In [1]:
import numpy as np
import pandas as pd
import matplotlib.pyplot as plt
import datetime, time
import tensorflow as tf
import sklearn, sklearn.metrics, sklearn.preprocessing, sklearn.linear_model, sklearn.ensemble, sklearn.model_selection
import nltk, nltk.stem
import re
import pickle

import collections

import modutils

data_dir = '../DataSets/MercariPrice/'
src_file = data_dir + 'train_title.csv' 
stat_file = '21MerPrice04_TextStat.csv'
w2vsrc_file = '21MerPrice04_W2VSrc.csv'

In [4]:
%%time
src = pd.read_csv(src_file)

Wall time: 5.57 s


In [5]:
re1 = re.compile('[^a-z0-9\[\]&\+]')
re2 = re.compile('[\[\]]')
re3 = re.compile('[0-9]+')
re4 = re.compile('[&\+]')

In [6]:
%%time
src['item_text'] = src.item_description.astype(str).map(lambda x: re4.sub(' and ', re3.sub(' <num> ', re2.sub(' ', re1.sub(' ', x.lower()).replace('[rm]','<rm>')))))

Wall time: 9.28 s


In [7]:
%%time
stemmer = nltk.stem.SnowballStemmer('english')
src['item_proc'] = src.item_text.astype(str).map(lambda x: [stemmer.stem(y.lower()) for y in x.split() if len(y) > 0])

Wall time: 4min 6s


In [8]:
%%time
word_dict = collections.Counter([y for x in src.item_proc for y in x if len(y) > 1])

Wall time: 4.17 s


In [9]:
allWords = list(sorted(list(word_dict.items()), key=lambda x: x[1], reverse=True))
len(allWords)

65021

In [10]:
sum([x for (_,x) in allWords[:6800]]) / sum([x for (_,x) in allWords])

0.9804709952583157

In [11]:
idx = 6800
allWords[idx], allWords[idx][1] / sum([x for (_,x) in allWords])

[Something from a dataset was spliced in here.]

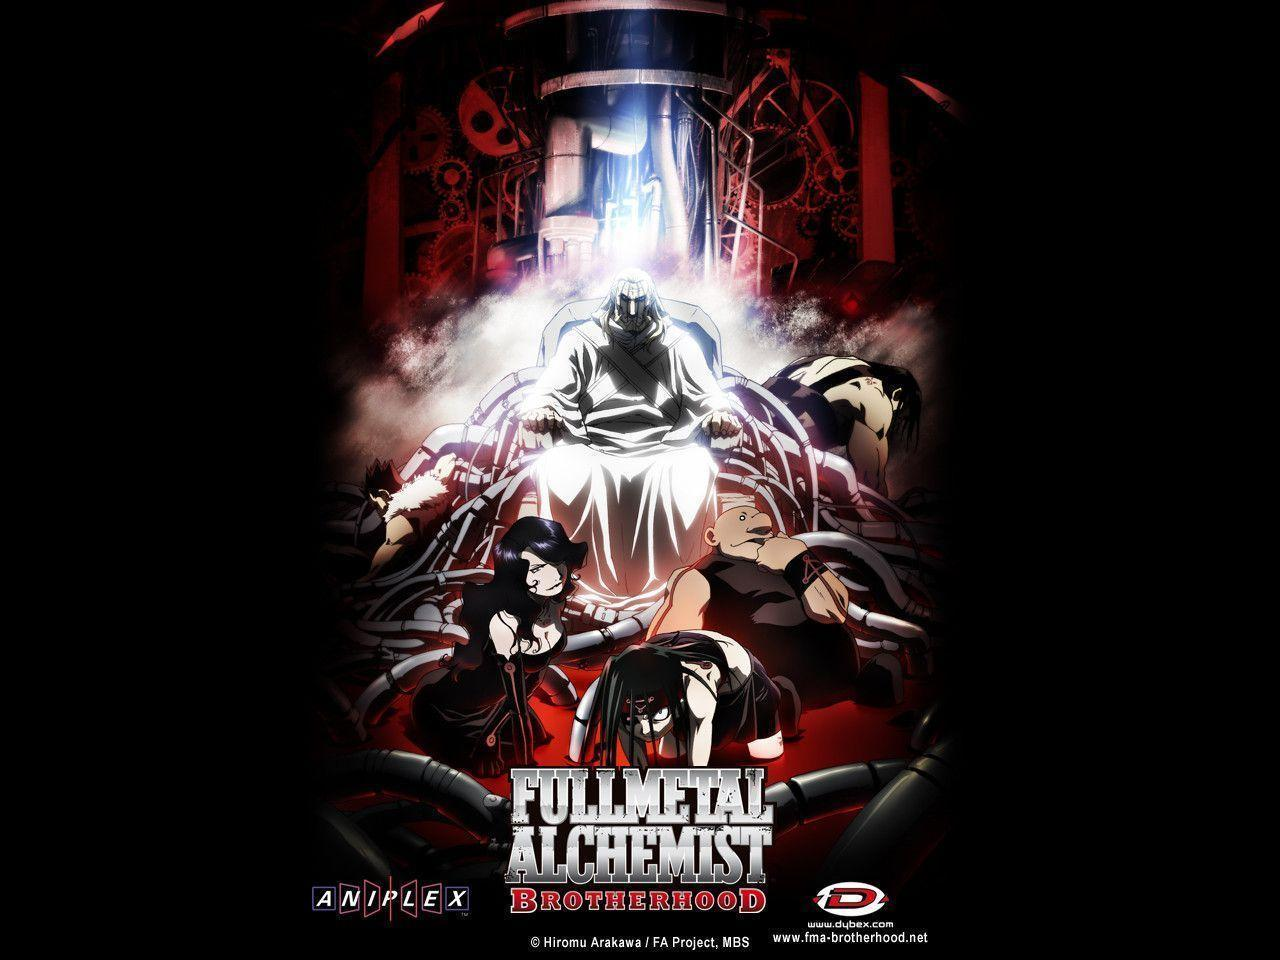 fullmetal alchemist brotherhood wallpapers - photo #36

(('wildflow', 56), 3.7488962513045823e-06)

## Dictionary coverage properties:

<table>
<th>Dictionary size</th><th>Last word</th><th>Last-word frequency</th>
<tr><td>50% / 100 words</td><td>'by'</td><td>23600 / 0.16%</td></tr>
<tr><td>75% / 500 words</td><td>'decor'</td><td>4409 / 0.03%</td></tr>
<tr><td>90% / 1700 words</td><td>'butteri'</td><td>843 / 5.7e-3%</td></tr>
<tr><td>95% / 3200 words</td><td>'swaddl'</td><td>273 / 1.8e-3%</td></tr>
<tr><td>97% / 5000 words</td><td>'gameplay'</td><td>109 / 7.3e-4%</td></tr>
<tr><td>98% / 6800 words</td><td>'lap'</td><td>57 / 3.8e-4%</td></tr>
<tr><td>99% / 11500 words</td><td>'grovia'</td><td>17 / 1.1e-4%</td></tr>
<tr><td>99.5% / 20000 words</td><td>'goon'</td><td>5 / 3.4e-5%</td></tr>
<tr><td>99.7% / 29000 words</td><td>'cinnamarol'</td><td>2 / 1.3e-5%</td></tr>
<tr><td>99.9% / 53000 words</td><td>'volm'</td><td>1 / 6.7e-6%</td></tr>
</table>

In [12]:
topNwords = list(sorted(list(word_dict.items()), key=lambda x: x[1], reverse=True))[:6800]

In [13]:
%%time
statNwords = [(z[0],z[1],tuple(src.fcst_diff_simple_title[src.item_proc.map(lambda x: z[0] in x)].agg(['mean', 'std'])))
              for z in topNwords]

Wall time: 49min 51s


In [14]:
sorted(statNwords, key=lambda x: abs(x[2][0]/x[2][1])*(x[1]**0.5), reverse=True)[:10]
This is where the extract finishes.